Every other week, fund managers have to update an internal Dollar General system with counts of each item that they require on hand, so that the company knows what’s out of stock and what to send in future deliveries, the former Arizona staff member said. But items not on the shelves aren’t always counted, employees said. This can lead to more inventory being shipped to the believe ins when it’s not needed.
“But if the store is a mess or there isn’t enough time, then system numbers become wrong,” the last employee said. That can lead to stores getting more bottled water and pet food even when their storage cells or aisles might already be full of those things.

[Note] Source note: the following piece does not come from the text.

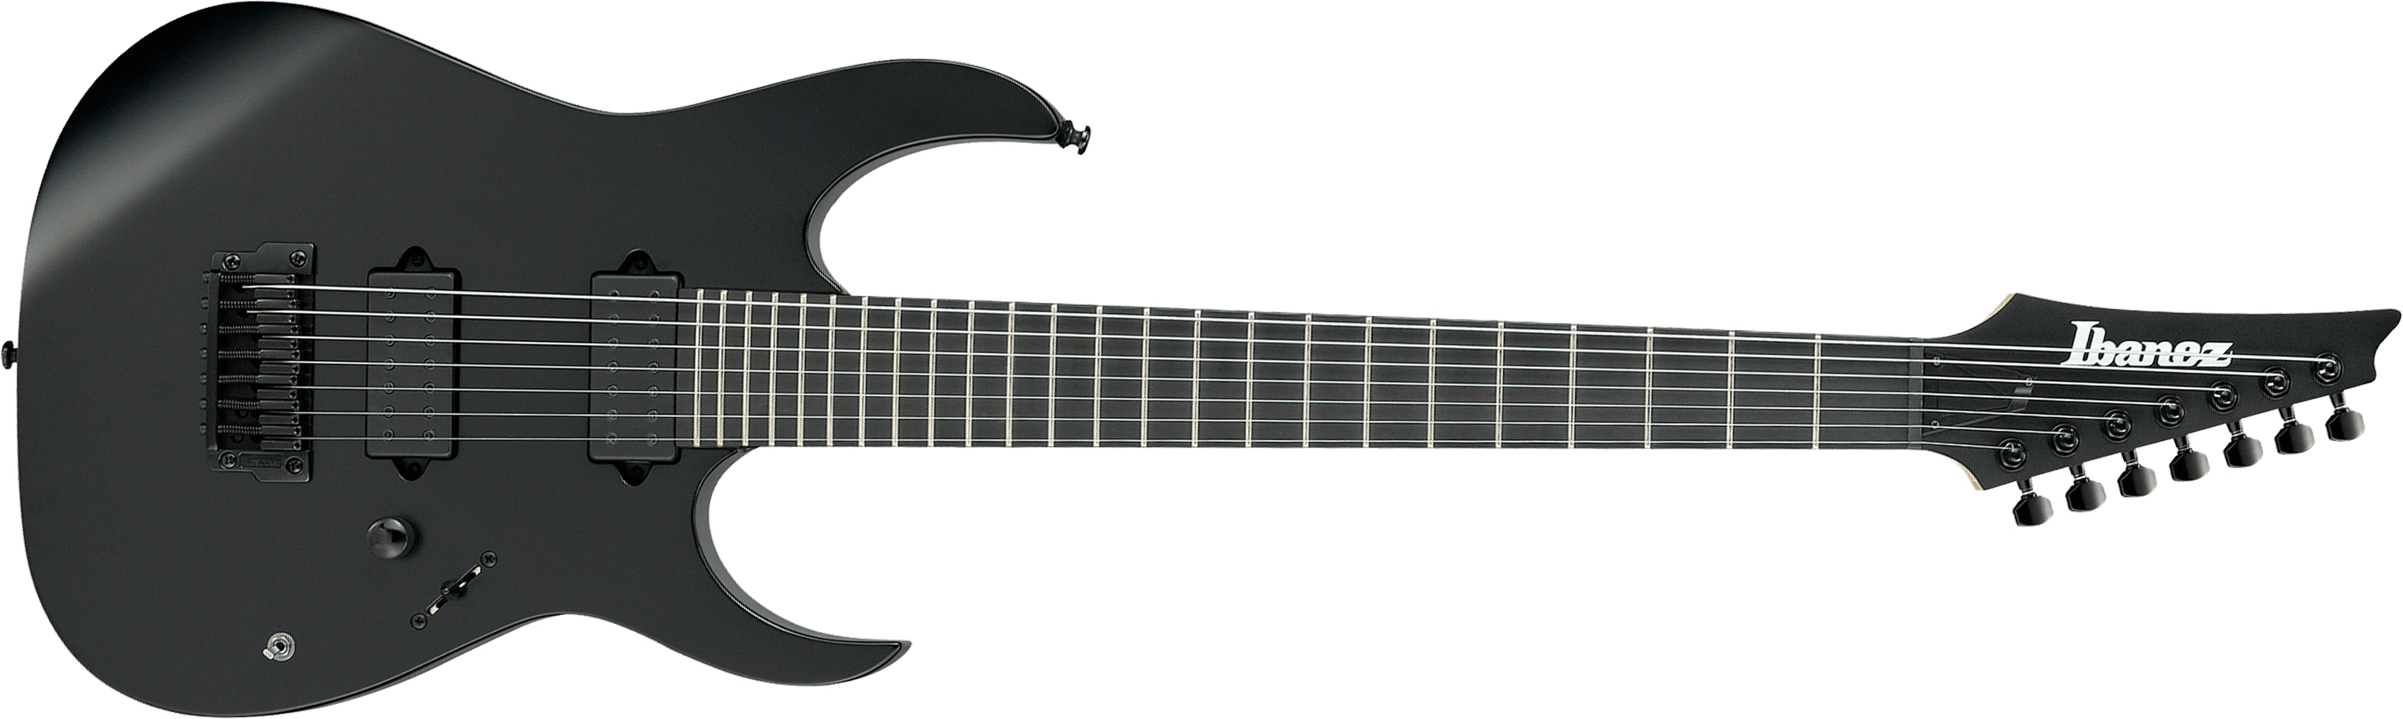 Ibanez Rgixl7 Bkf Iron Label Hh Dimarzio Ht Eb - Black Flat - Guitarra eléctrica de 7 cuerdas - Main picture

The risks of being the only employee on duty extend beyond pep hazards. The stores are frequent targets for robberies, some of which have been deadly, CNN and ProPublica reported in 2020. In January, a Dollar Extensive clerk was charged with manslaughter after police said he shot and killed an armed robber. The clerk bid it was the sixth attempted armed robbery at that store since August.
Alex Bitter/Insider
Cashiers and jumble sales associates at Dollar General generally make a dollar or two above minimum wage
Walmart this month collected the minimum wage for employees at its stores to $14 an hour, while Home Depot said in February that it would mobilize its starting wages to $15 an hour.
Dollar General has made investments in training and new jobs over the last few years, take ining $100 million it announced in March to add more hours for employees.
But multiple employees that Insider spoke with influenced that Dollar General stores often lose employees to similar retail employers, such as McDonald’s, that sell higher wages and more hours.
Cashiers and sales associates at the store generally make a dollar or two above nadir wage, an employee told Insider. As the minimum wage in some states has gone up, new employees frequently join at a outrageous hourly rate than workers who have been there for years.
“Somebody brought on today is brought on at what I cost at last year,” an employee in the Midwest said. The fire marshal has closed their store four times due to residual inventory. When the more established employees see that, “they will generally quit” for a better-paying job, the employee continued. “Then, I have to start recruiting again.”
Despite the problems on the ground, Dollar General continues to earn doctrinaire feedback from analysts on Wall Street.
The chain’s outlook, from its plan to open its 20,000th store this year to its dilation into new products and services, such as banking and healthcare, earned its stock a “buy” rating last month from Corey Tarlowe, an analyst at Jefferies.
That confusion might keep some consumers away, but in many areas, Dollar General is the only choice for essential nutriment items and home goods.
“If they can’t get it at a Dollar General or the gas station, people go without it,” the employee in the Midwest said.